Sunday, 21 April 2013

Chocolate Orange trifle


You will need:
600ml Double Cream
1x Terry’s Chocolate Orange
48x Jaffa Cakes – in this case 2 packets
2x Packets of Angel Delight Chocolate flavour
600ml of milk
Cointreau – Optional
1 x Tin of Carnation Caramel (397g)


Say goodbye to the childhood memories of custard and jelly and welcome to the modern glamorous boozy chocolate goo. These ingredients amounts are just a guide the exact quantities you will need of each will vary depending on the size of your serving bowl.

Method

1)      Make the Angel Delight as per packet instructions and place to one side to start to set.

2)      Whip up the double cream and place to one side.

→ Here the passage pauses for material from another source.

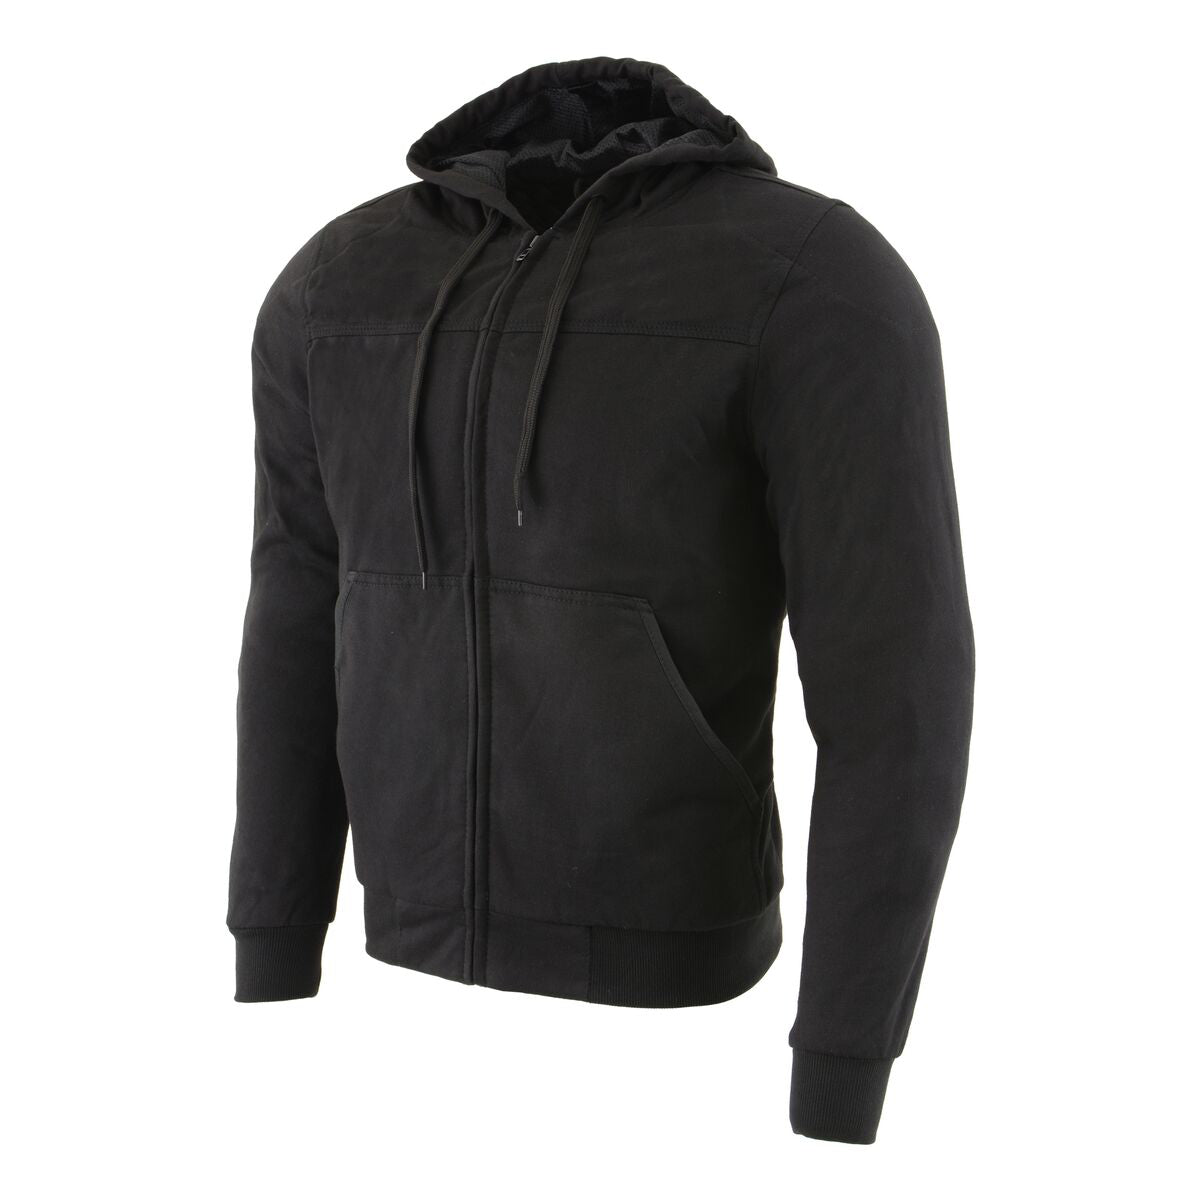 Milwaukee Leather MPM1788 Men's Black CE Approved Armored Riding Hoodie with Aramid by DuPont Fibers

From this point on it is mostly an assembly job!

3)      Line the bottom of your dish with Jaffa Cakes, chocolate side down and pour over enough Cointreau to soak the sponge side but not leave it swimming. If you want to make without the booze just replace with orange juice.

4)      Now pour the tin of caramel over the top and smooth until it’s roughly flat.

5)      Add another layer of Jaffa Cakes and Cointreau.

6)      Spoon your premade Angel Delight.

7)      Add a final layer of Jaffa Cakes.

8)      Top with the whipped cream and a chocolate orange, either in slices or crushed into chunks.